A Assembleia Legislativa /RS aprovou no dia 16 de setembro de 2015 o Projeto de Lei Complementar (PLC) 303/2015 que institui a previdência complementar para os servidores públicos estaduais.
I. CONSIDERAÇÕES GERAIS
A mudança na previdência dos servidores públicos estaduais insere-se no longo processo de restrição de direitos dos servidores públicos quer federais, quer estaduais ou municipais, que tem o seu marco em junho de 1998, com a aprovação da Emenda Constitucional nº19, a chamada Reforma Administrativa, que colocou fim ao regime Jurídico Único, com o estabelecimento do emprego público, regido pela Consolidação das Leis do Trabalho. Uma vez que apesar da exigência de concurso público para o provimento do emprego, o servidor público não terá direito à estabilidade nem à aposentadoria integral.

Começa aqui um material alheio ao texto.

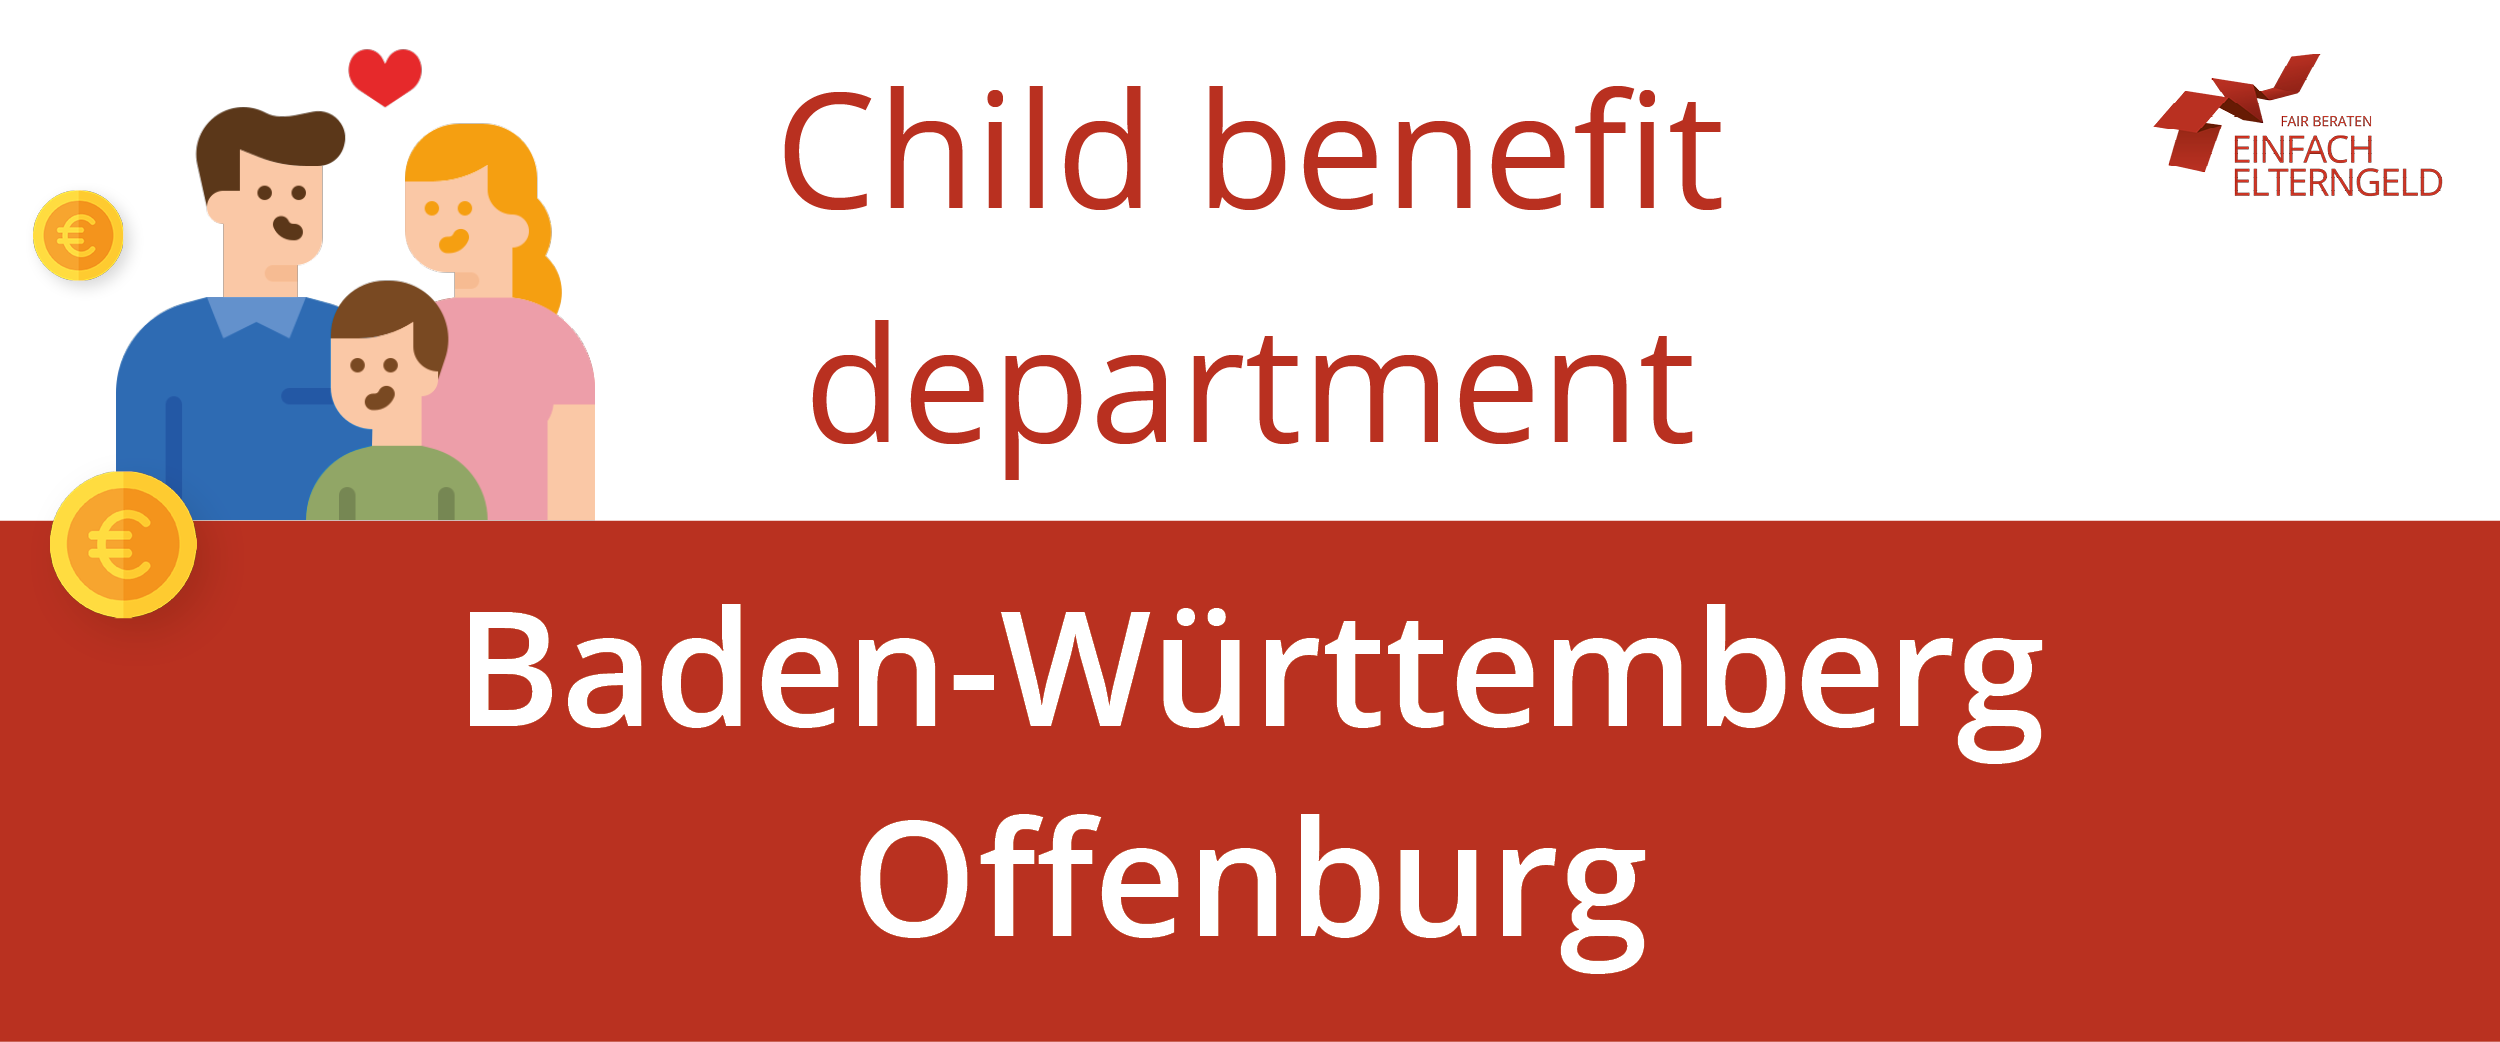 We present you the Child benefit department Baden-Württemberg Offenburg.

Na sequência tivemos a Emenda Constitucional nº20 que colocou como eixo da reforma da previdência o caráter contributivo, tanto para o servidor quanto para os entes federados, bem como a exigência de equilíbrio atuarial e financeiro para regimes próprios da previdência social.

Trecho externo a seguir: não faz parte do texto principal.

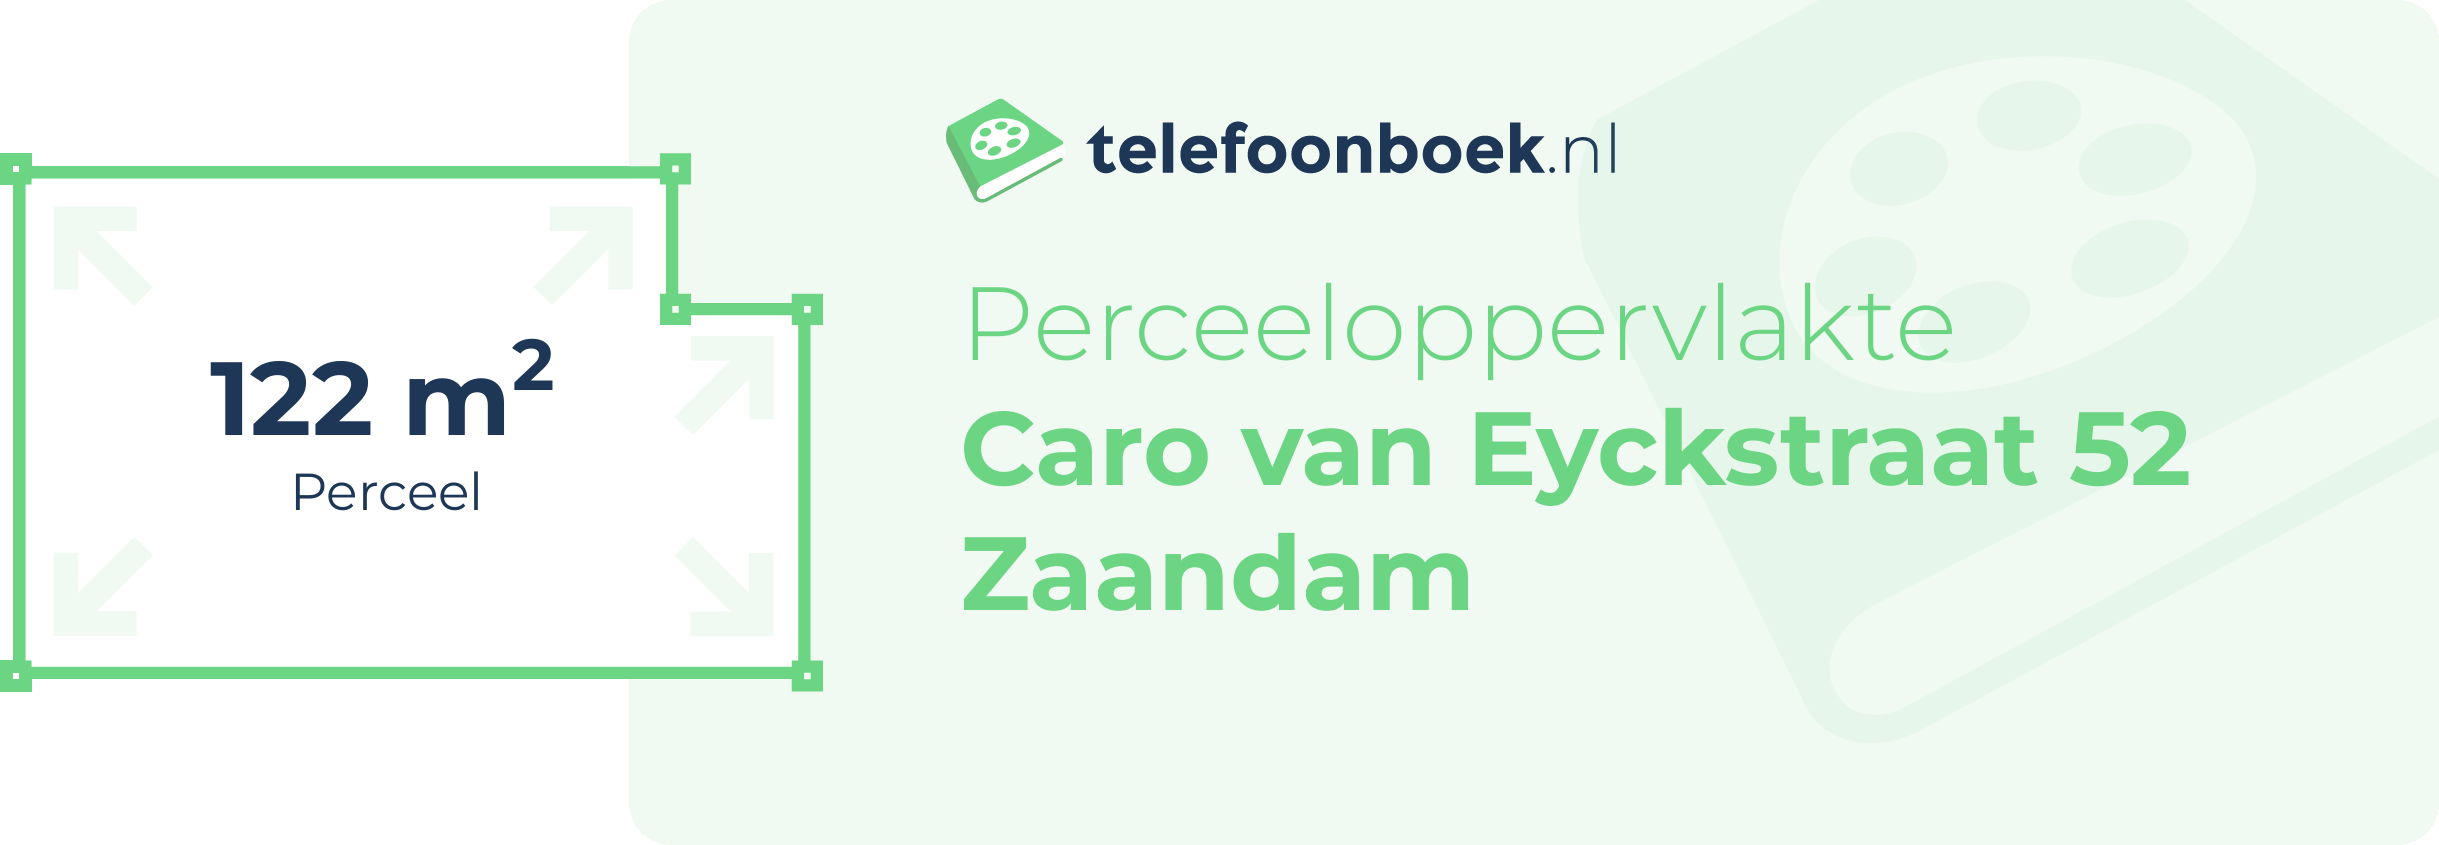 Perceeloppervlakte Caro Van Eyckstraat 52 Zaandam

Por fim em 2003 é aprovada a Emenda Constitucional nº41e com ela é modificada estruturalmente a previdência dos servidores públicos com o estabelecimento da previdência complementar que funcionará em regime de capitalização. Sendo mantida a previdência pública até ao limite do teto da previdência social, com o sistema de repartição simples.
É neste quadro que o executivo estadual do RS dá corpo ao projeto de reforma da previdência do servidor público estadual englobando-o no conjunto das medidas adotadas pelo Palácio Piratini para tentar enfrentar a crise financeira do Estado pelo viés de redução de direitos e garantias conquistadas pelos servidores.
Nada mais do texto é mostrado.